Task directions: This task calls for the lines below starting at the one containing "Hurricane I Trop" and ending at the one containing "USS GEORGE H.W.", repeated exactly with both ends kept and pictures left out.

Source information:
○ ○ ○ ○

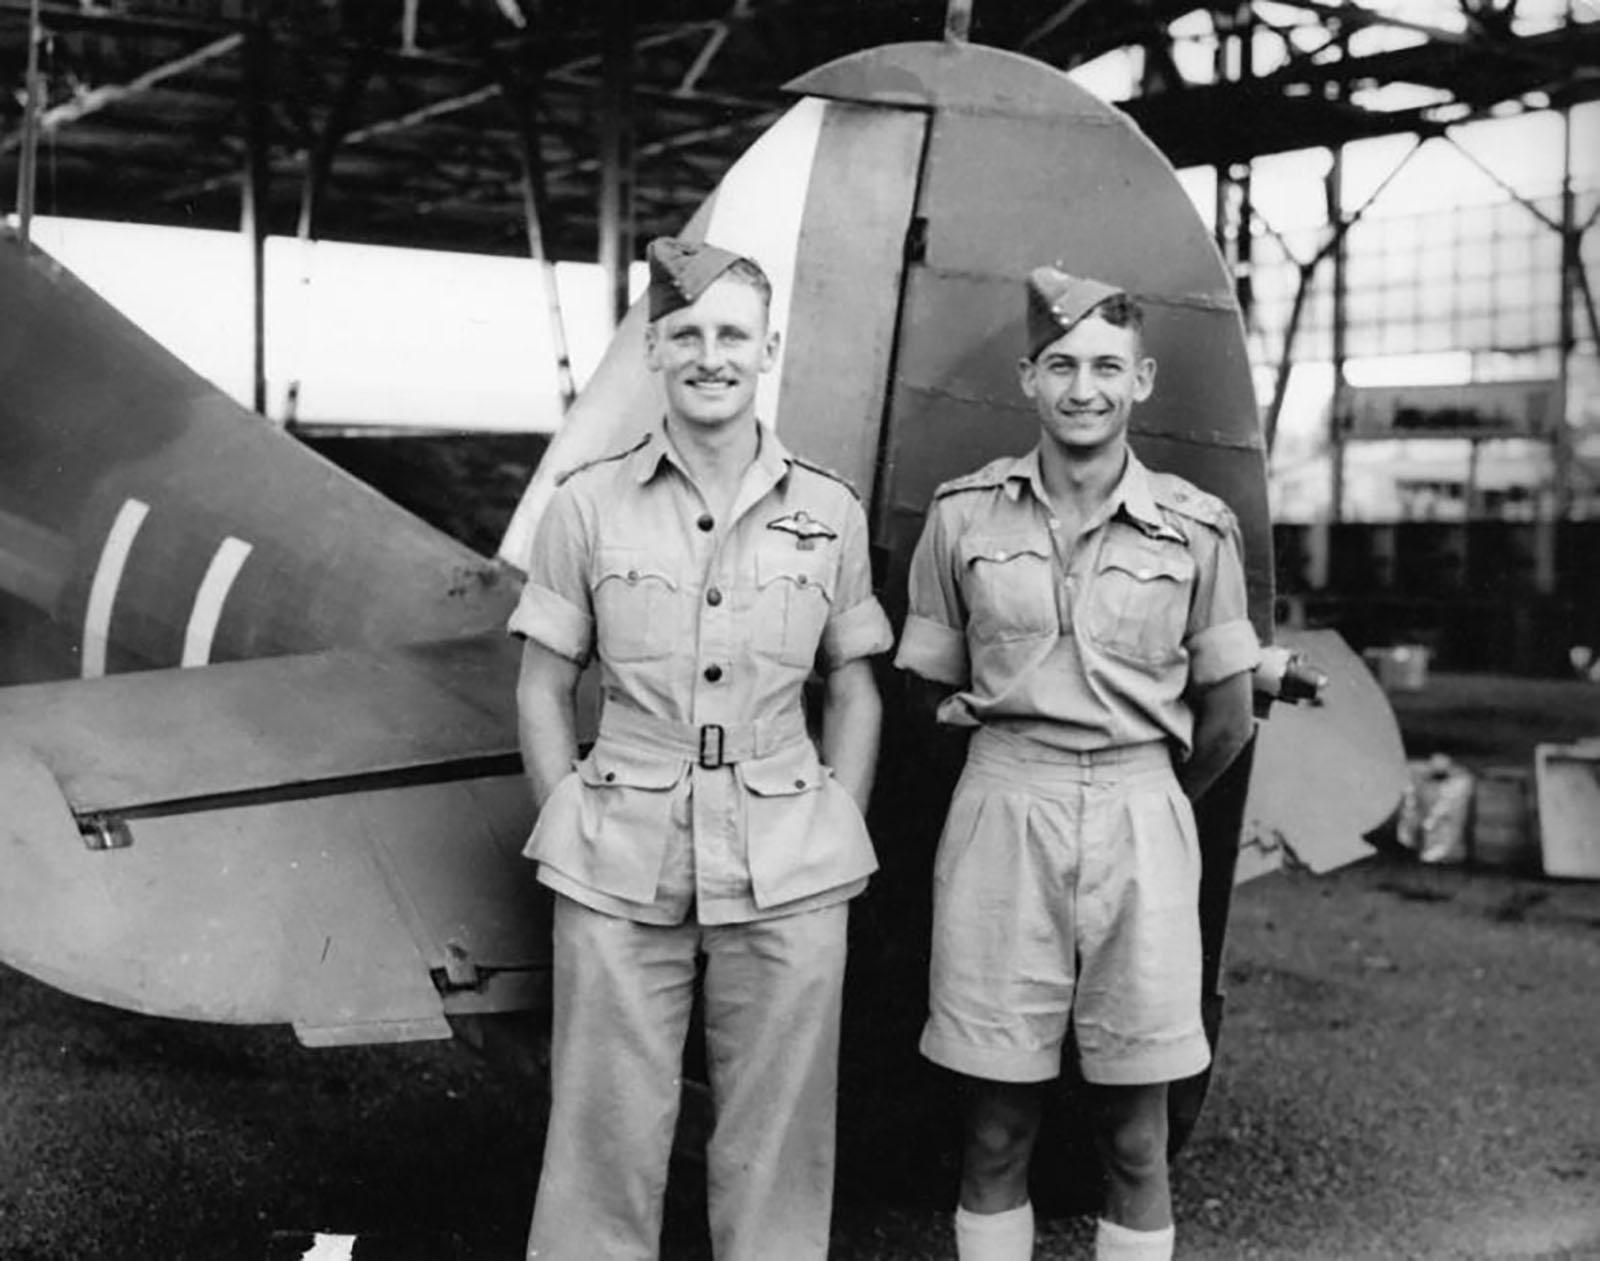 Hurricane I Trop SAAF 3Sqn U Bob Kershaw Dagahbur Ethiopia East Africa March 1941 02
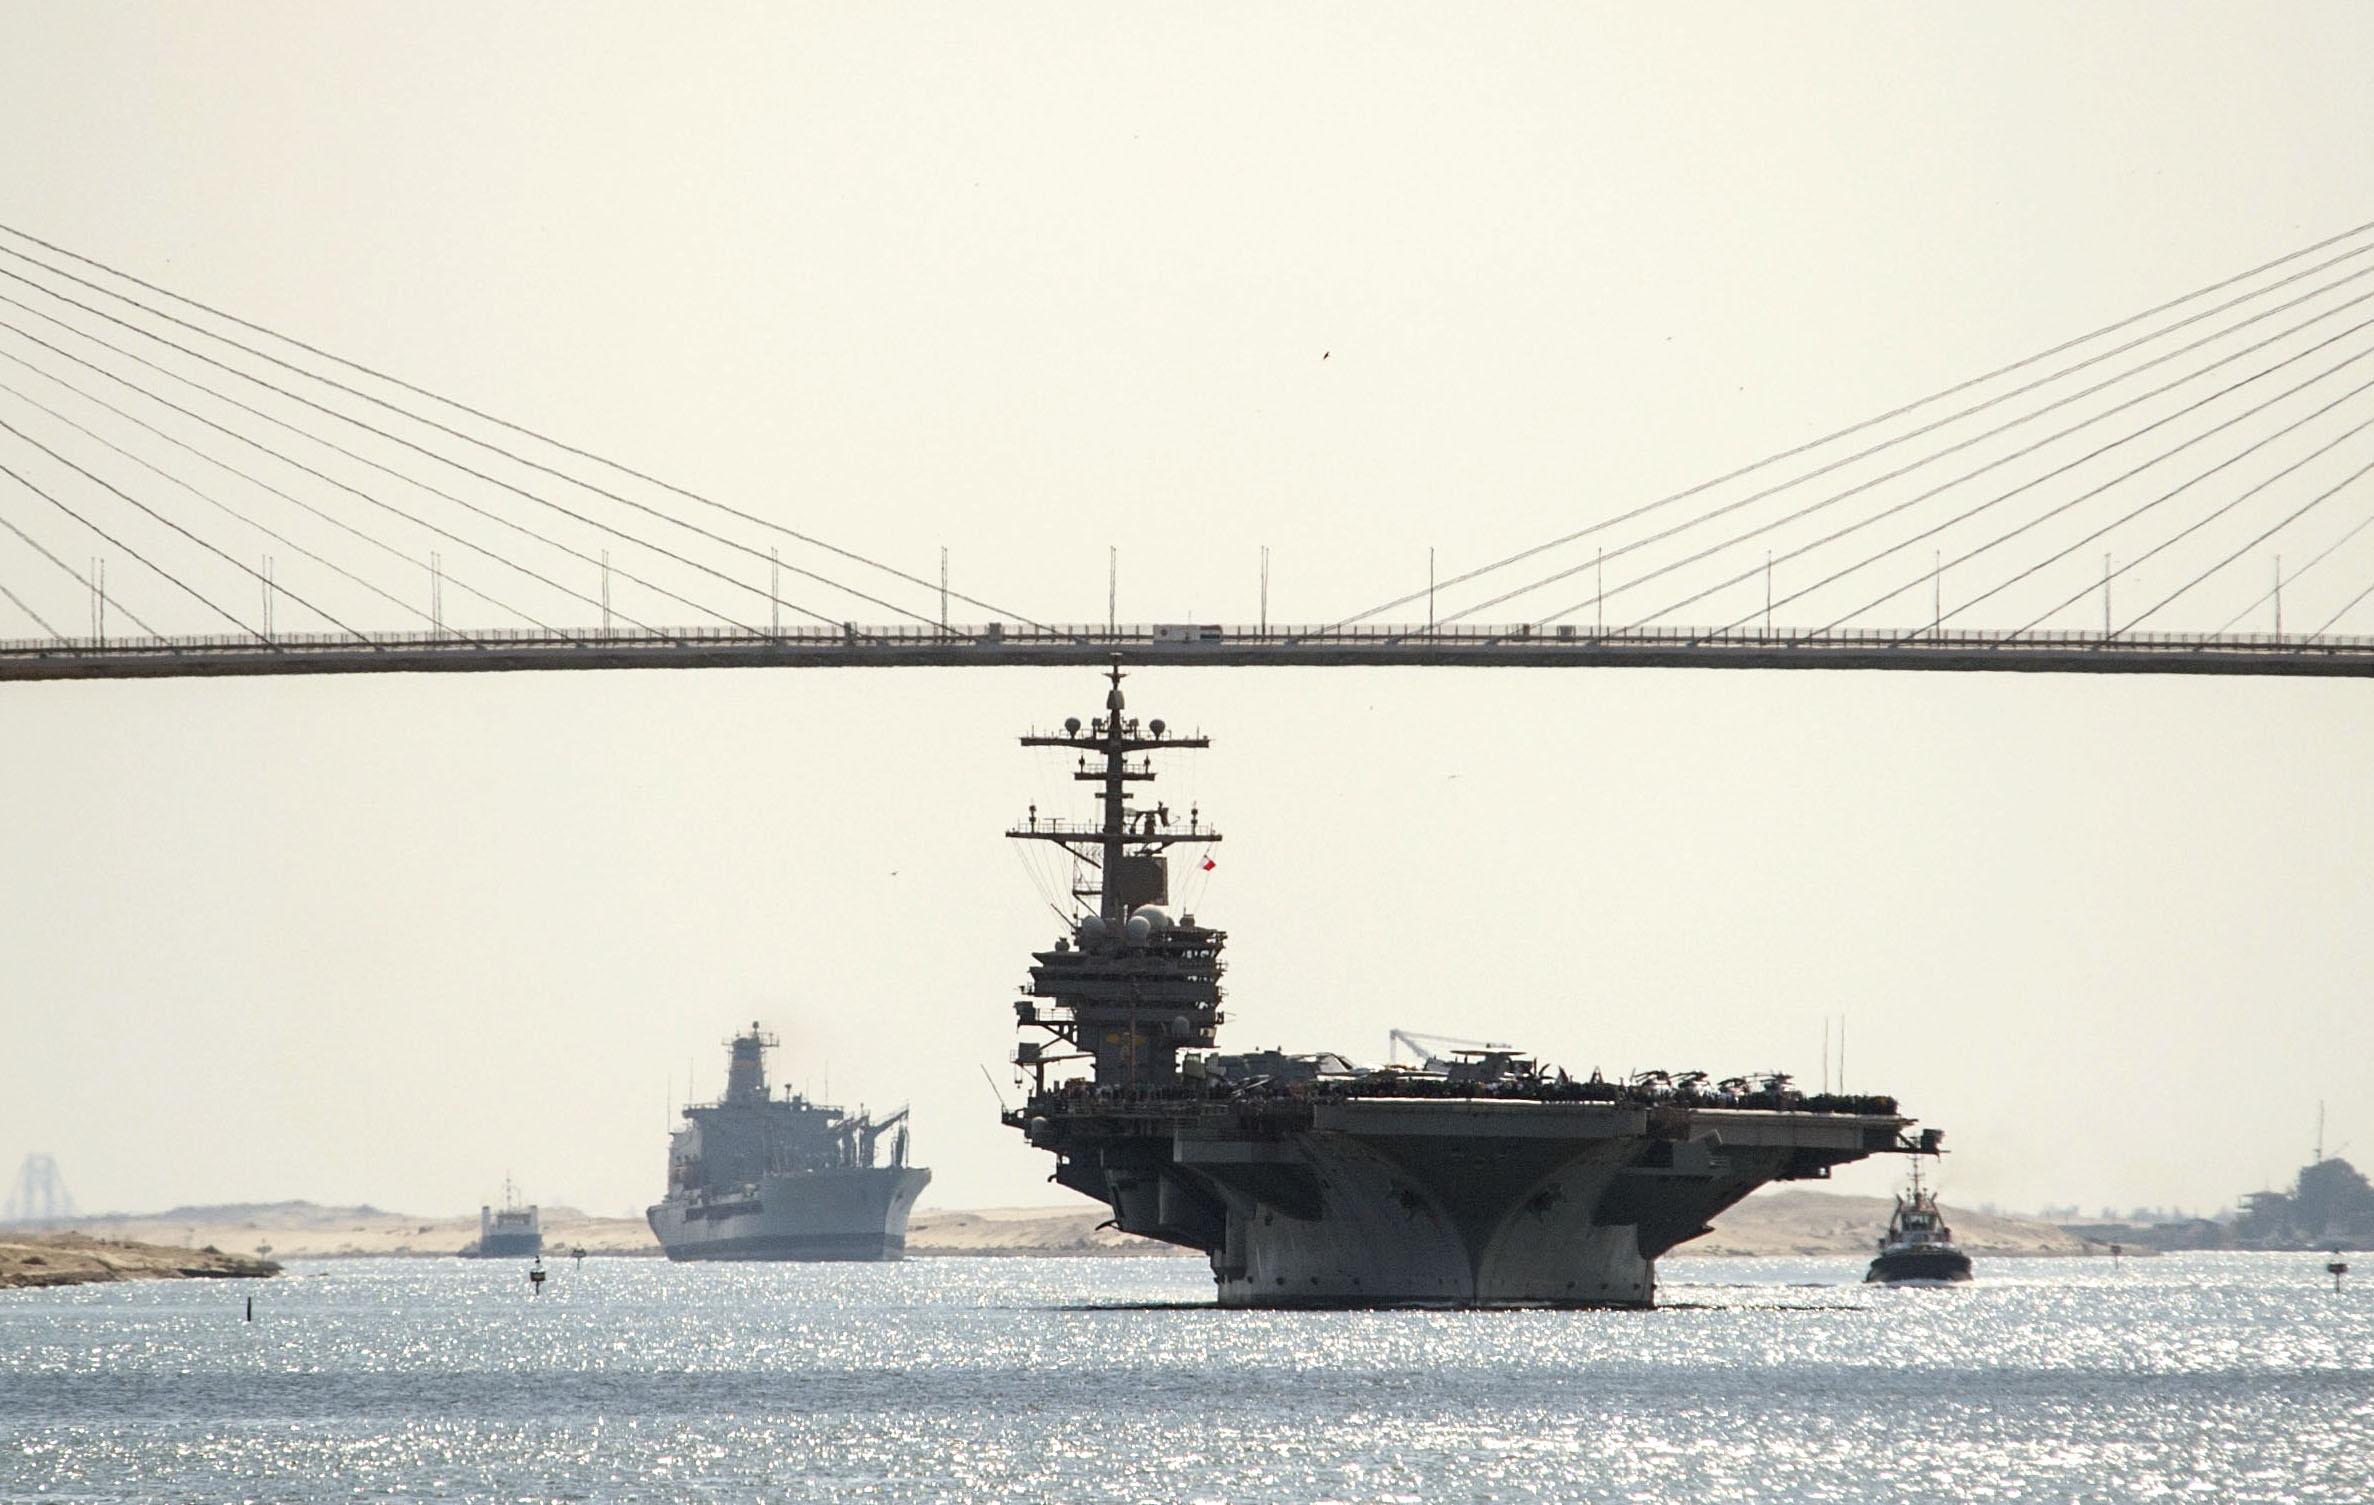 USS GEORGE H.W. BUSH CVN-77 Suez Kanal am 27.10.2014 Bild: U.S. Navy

○ ○ ○ ○

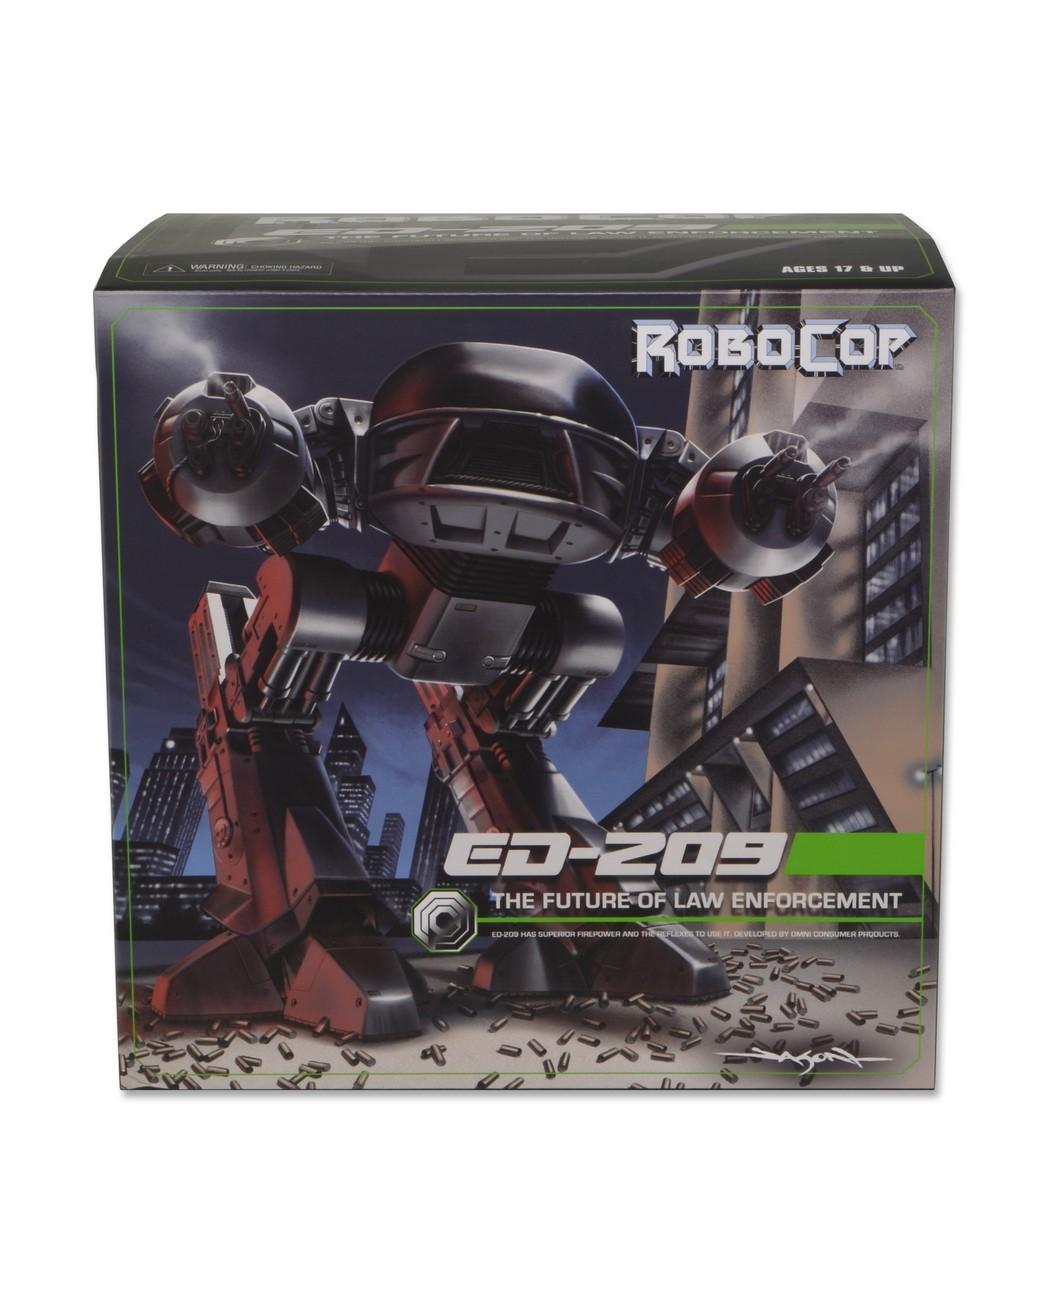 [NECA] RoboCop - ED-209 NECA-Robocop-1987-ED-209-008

○ ○ ○ ○

Exercise answer:
 Hurricane I Trop SAAF 3Sqn U Bob Kershaw Dagahbur Ethiopia East Africa March 1941 02
 USS GEORGE H.W. BUSH CVN-77 Suez Kanal am 27.10.2014 Bild: U.S. Navy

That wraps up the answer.